- [Requirement]: Starting at the first line of the data below, repeat each line word for word up to and including the line with "Das Twingoforum - Twingo".

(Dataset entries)
• • • • • • •

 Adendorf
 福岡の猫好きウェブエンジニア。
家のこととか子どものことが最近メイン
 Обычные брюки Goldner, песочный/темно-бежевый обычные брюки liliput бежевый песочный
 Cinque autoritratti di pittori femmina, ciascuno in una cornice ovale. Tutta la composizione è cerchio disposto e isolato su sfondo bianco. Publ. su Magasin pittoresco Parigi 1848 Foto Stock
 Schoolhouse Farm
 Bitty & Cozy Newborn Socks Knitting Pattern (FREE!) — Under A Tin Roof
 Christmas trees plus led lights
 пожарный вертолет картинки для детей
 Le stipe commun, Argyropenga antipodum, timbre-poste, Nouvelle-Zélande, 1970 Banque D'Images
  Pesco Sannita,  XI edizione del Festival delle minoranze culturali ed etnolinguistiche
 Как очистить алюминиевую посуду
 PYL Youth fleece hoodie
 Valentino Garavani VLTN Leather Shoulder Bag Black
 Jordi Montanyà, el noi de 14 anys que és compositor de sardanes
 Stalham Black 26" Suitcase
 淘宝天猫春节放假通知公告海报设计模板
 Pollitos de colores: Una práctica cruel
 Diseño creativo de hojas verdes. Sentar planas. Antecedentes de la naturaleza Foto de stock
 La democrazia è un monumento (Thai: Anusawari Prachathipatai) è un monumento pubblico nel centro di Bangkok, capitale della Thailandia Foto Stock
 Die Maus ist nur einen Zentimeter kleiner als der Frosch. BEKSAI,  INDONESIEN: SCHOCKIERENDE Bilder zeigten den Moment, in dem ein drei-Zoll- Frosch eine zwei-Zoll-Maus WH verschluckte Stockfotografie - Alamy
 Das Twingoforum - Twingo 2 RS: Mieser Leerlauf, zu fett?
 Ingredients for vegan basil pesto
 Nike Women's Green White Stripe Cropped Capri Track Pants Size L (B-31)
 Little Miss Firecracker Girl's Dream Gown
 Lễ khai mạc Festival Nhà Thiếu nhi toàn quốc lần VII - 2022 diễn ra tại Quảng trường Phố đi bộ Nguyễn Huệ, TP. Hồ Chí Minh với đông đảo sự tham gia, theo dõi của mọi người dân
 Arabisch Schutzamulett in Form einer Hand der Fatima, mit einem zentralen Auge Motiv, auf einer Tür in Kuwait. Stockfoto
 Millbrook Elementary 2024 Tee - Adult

• • • • • • •

- [Written response]:
 Adendorf
 福岡の猫好きウェブエンジニア。
家のこととか子どものことが最近メイン
 Обычные брюки Goldner, песочный/темно-бежевый обычные брюки liliput бежевый песочный
 Cinque autoritratti di pittori femmina, ciascuno in una cornice ovale. Tutta la composizione è cerchio disposto e isolato su sfondo bianco. Publ. su Magasin pittoresco Parigi 1848 Foto Stock
 Schoolhouse Farm
 Bitty & Cozy Newborn Socks Knitting Pattern (FREE!) — Under A Tin Roof
 Christmas trees plus led lights
 пожарный вертолет картинки для детей
 Le stipe commun, Argyropenga antipodum, timbre-poste, Nouvelle-Zélande, 1970 Banque D'Images
  Pesco Sannita,  XI edizione del Festival delle minoranze culturali ed etnolinguistiche
 Как очистить алюминиевую посуду
 PYL Youth fleece hoodie
 Valentino Garavani VLTN Leather Shoulder Bag Black
 Jordi Montanyà, el noi de 14 anys que és compositor de sardanes
 Stalham Black 26" Suitcase
 淘宝天猫春节放假通知公告海报设计模板
 Pollitos de colores: Una práctica cruel
 Diseño creativo de hojas verdes. Sentar planas. Antecedentes de la naturaleza Foto de stock
 La democrazia è un monumento (Thai: Anusawari Prachathipatai) è un monumento pubblico nel centro di Bangkok, capitale della Thailandia Foto Stock
 Die Maus ist nur einen Zentimeter kleiner als der Frosch. BEKSAI,  INDONESIEN: SCHOCKIERENDE Bilder zeigten den Moment, in dem ein drei-Zoll- Frosch eine zwei-Zoll-Maus WH verschluckte Stockfotografie - Alamy
 Das Twingoforum - Twingo 2 RS: Mieser Leerlauf, zu fett?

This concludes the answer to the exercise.